◆ **SUPPLIED MATERIAL**:

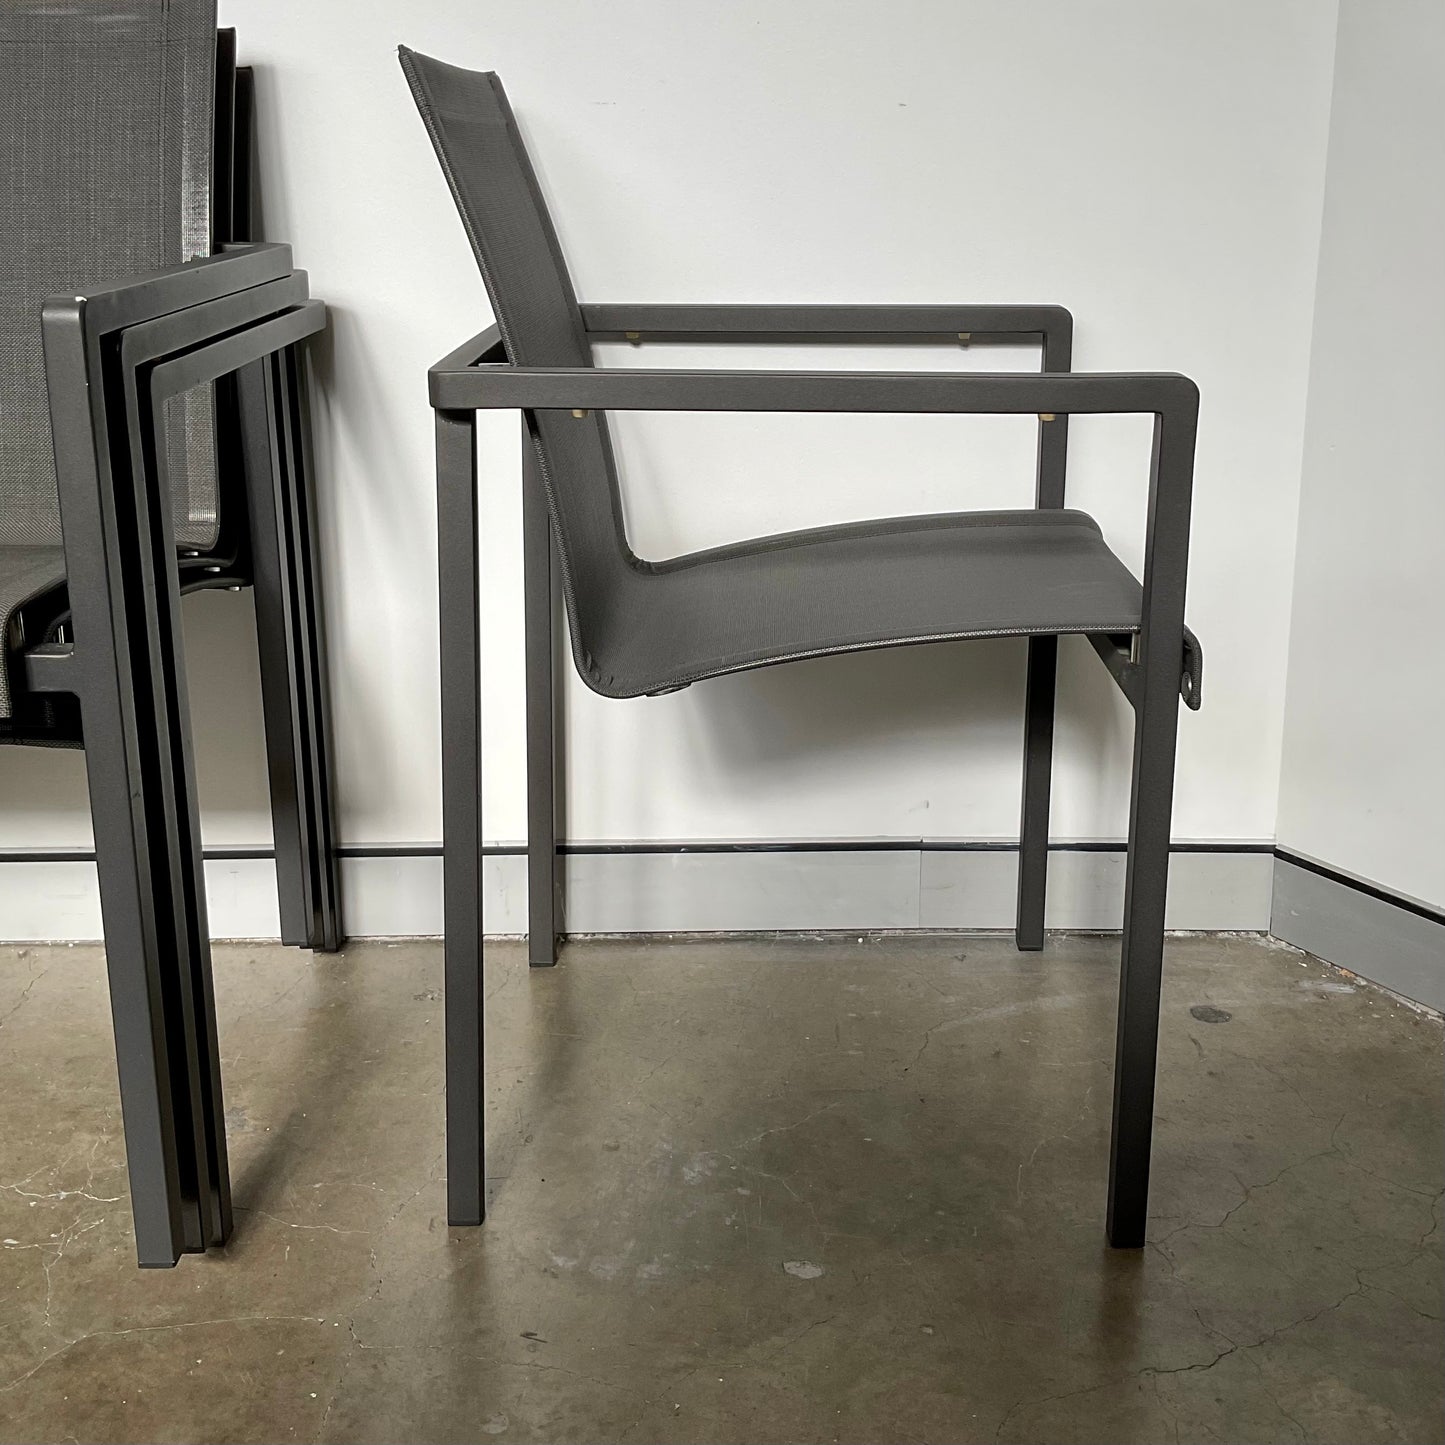 Set of FOUR Natal Alu Armchair by Wim Segers for Tribu through Cosh
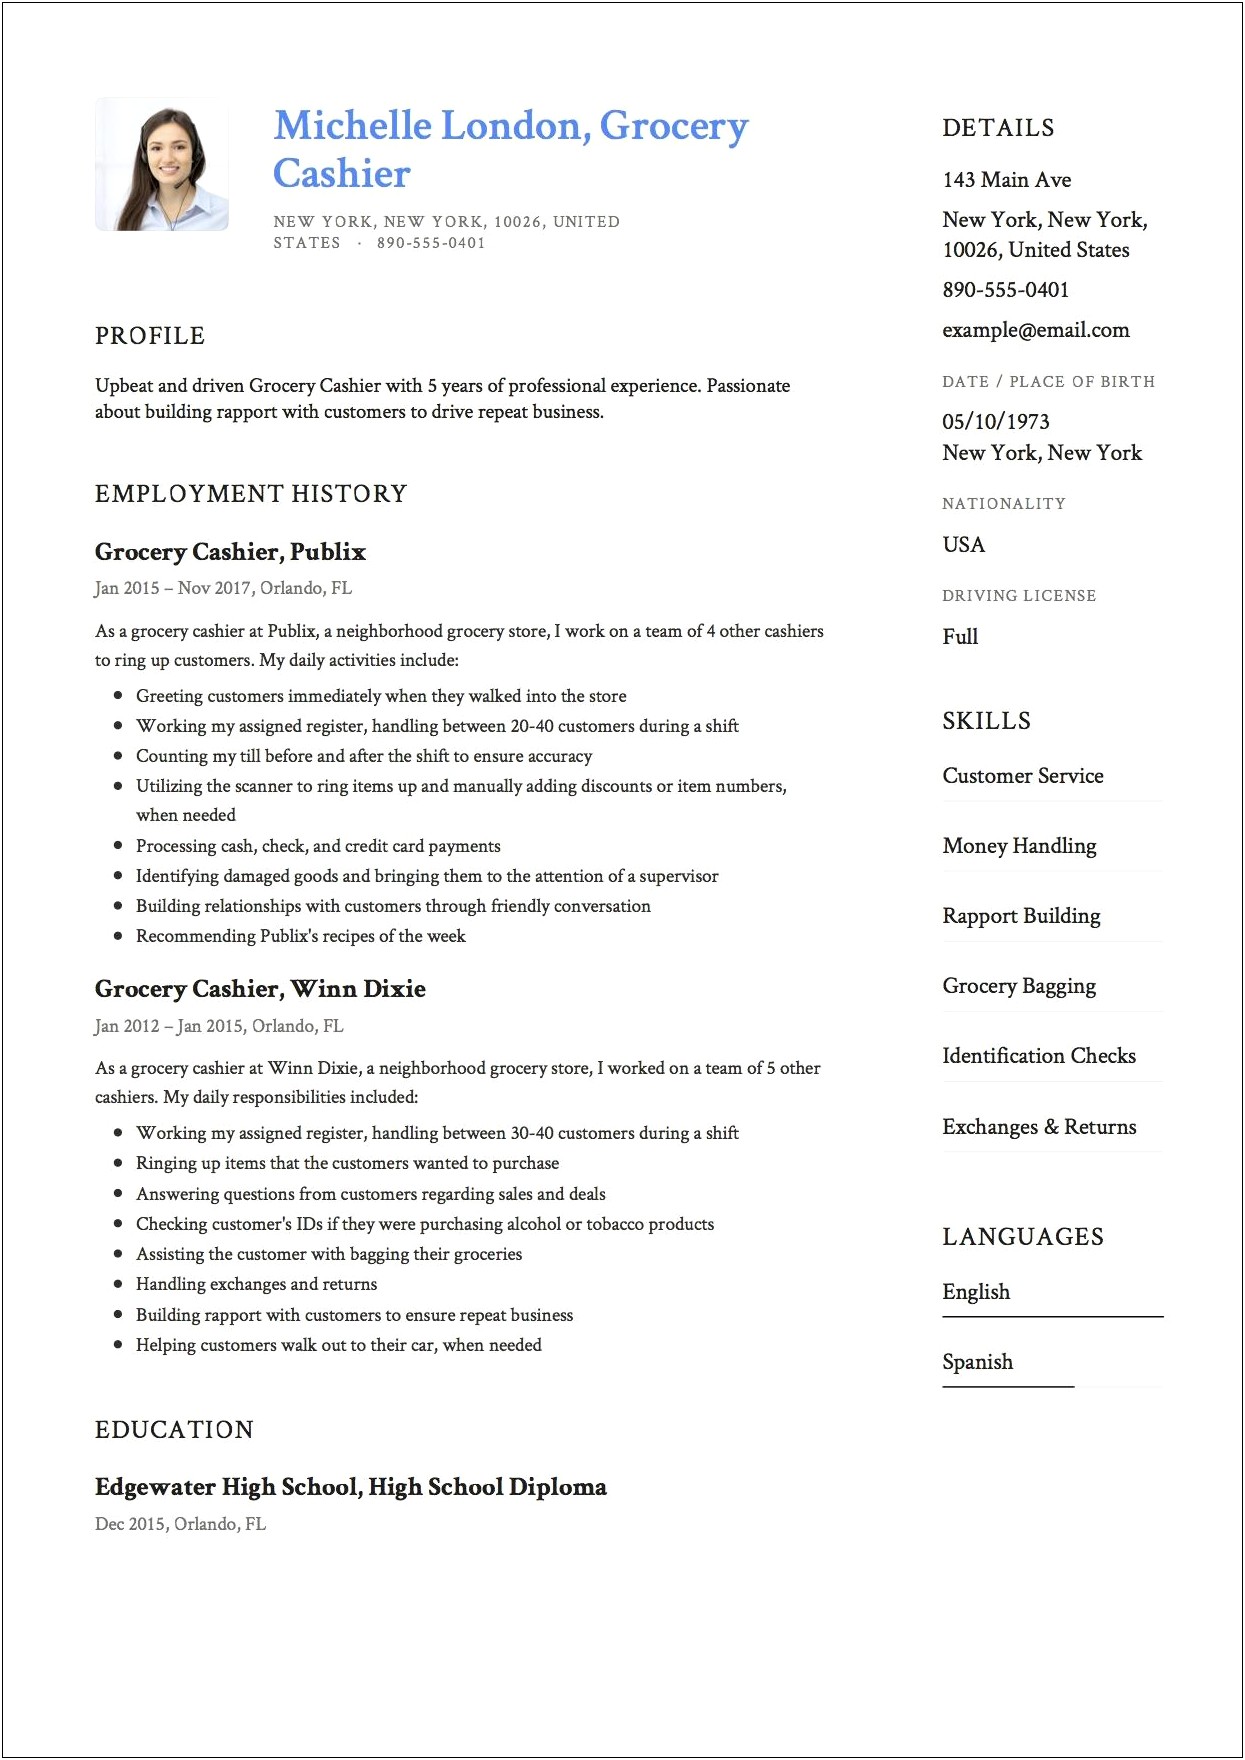 Sample Resume For A Cashier At Grocery Store
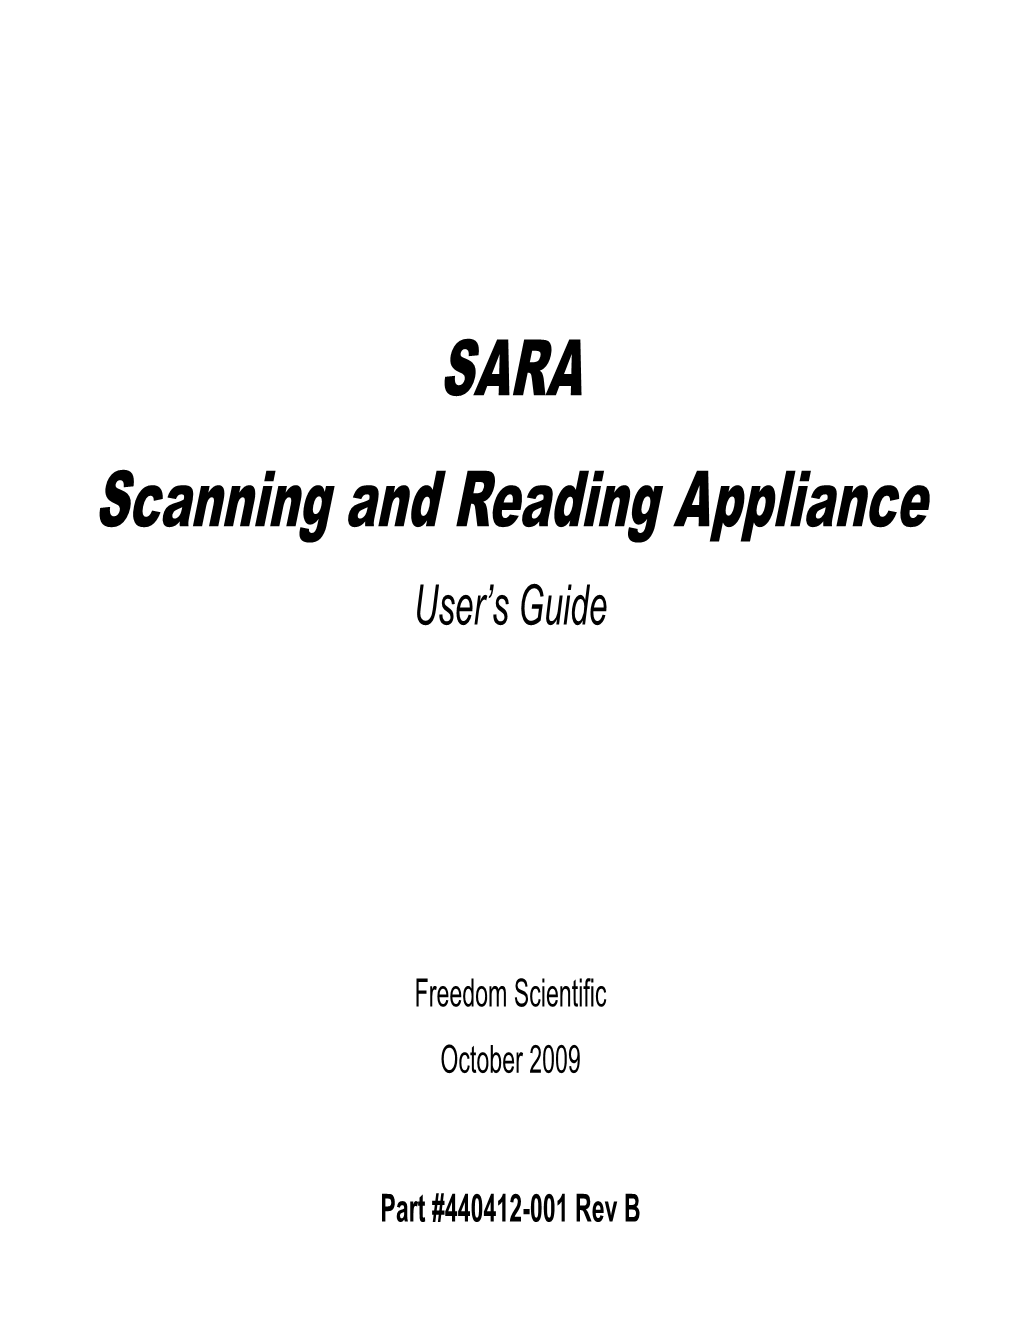 SARA Scanning and Reading Appliance User’S Guide

◆ **TASK ITEM**: All of the data must be given again exactly, without the pictures.

◆ **EXERCISE RESPONSE**:
 Set of FOUR Natal Alu Armchair by Wim Segers for Tribu through Cosh
 Sample Resume For A Cashier At Grocery Store
 SARA Scanning and Reading Appliance User’S Guide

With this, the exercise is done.